_Problem requirements_
Once you reach the line holding "unsmoked EU bacon", write out that line and every later one exactly, ending with the last line of the data; write nothing else.
┌─ Data in this exercise
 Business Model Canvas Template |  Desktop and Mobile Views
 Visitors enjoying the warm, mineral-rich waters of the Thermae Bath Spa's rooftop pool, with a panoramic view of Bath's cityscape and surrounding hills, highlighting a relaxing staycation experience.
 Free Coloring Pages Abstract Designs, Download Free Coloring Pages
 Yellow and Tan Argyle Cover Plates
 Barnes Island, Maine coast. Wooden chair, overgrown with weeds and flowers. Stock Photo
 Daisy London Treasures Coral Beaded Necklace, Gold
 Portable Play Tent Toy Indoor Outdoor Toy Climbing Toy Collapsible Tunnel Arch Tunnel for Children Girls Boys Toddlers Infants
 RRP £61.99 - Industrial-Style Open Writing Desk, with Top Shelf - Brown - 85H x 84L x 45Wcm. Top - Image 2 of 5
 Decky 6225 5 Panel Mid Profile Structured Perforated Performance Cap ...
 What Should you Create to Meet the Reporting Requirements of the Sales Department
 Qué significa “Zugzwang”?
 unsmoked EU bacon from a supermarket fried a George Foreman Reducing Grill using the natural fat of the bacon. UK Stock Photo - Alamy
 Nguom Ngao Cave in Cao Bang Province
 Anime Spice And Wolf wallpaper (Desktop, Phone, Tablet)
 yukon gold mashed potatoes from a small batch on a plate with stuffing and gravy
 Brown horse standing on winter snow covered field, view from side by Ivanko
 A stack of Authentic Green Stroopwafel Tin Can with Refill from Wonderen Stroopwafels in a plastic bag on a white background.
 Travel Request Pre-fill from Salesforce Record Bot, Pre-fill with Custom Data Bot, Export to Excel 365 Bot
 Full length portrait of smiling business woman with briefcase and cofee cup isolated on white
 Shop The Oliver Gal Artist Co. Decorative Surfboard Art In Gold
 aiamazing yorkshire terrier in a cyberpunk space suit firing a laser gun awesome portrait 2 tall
└─
_Response area_
 unsmoked EU bacon from a supermarket fried a George Foreman Reducing Grill using the natural fat of the bacon. UK Stock Photo - Alamy
 Nguom Ngao Cave in Cao Bang Province
 Anime Spice And Wolf wallpaper (Desktop, Phone, Tablet)
 yukon gold mashed potatoes from a small batch on a plate with stuffing and gravy
 Brown horse standing on winter snow covered field, view from side by Ivanko
 A stack of Authentic Green Stroopwafel Tin Can with Refill from Wonderen Stroopwafels in a plastic bag on a white background.
 Travel Request Pre-fill from Salesforce Record Bot, Pre-fill with Custom Data Bot, Export to Excel 365 Bot
 Full length portrait of smiling business woman with briefcase and cofee cup isolated on white
 Shop The Oliver Gal Artist Co. Decorative Surfboard Art In Gold
 aiamazing yorkshire terrier in a cyberpunk space suit firing a laser gun awesome portrait 2 tall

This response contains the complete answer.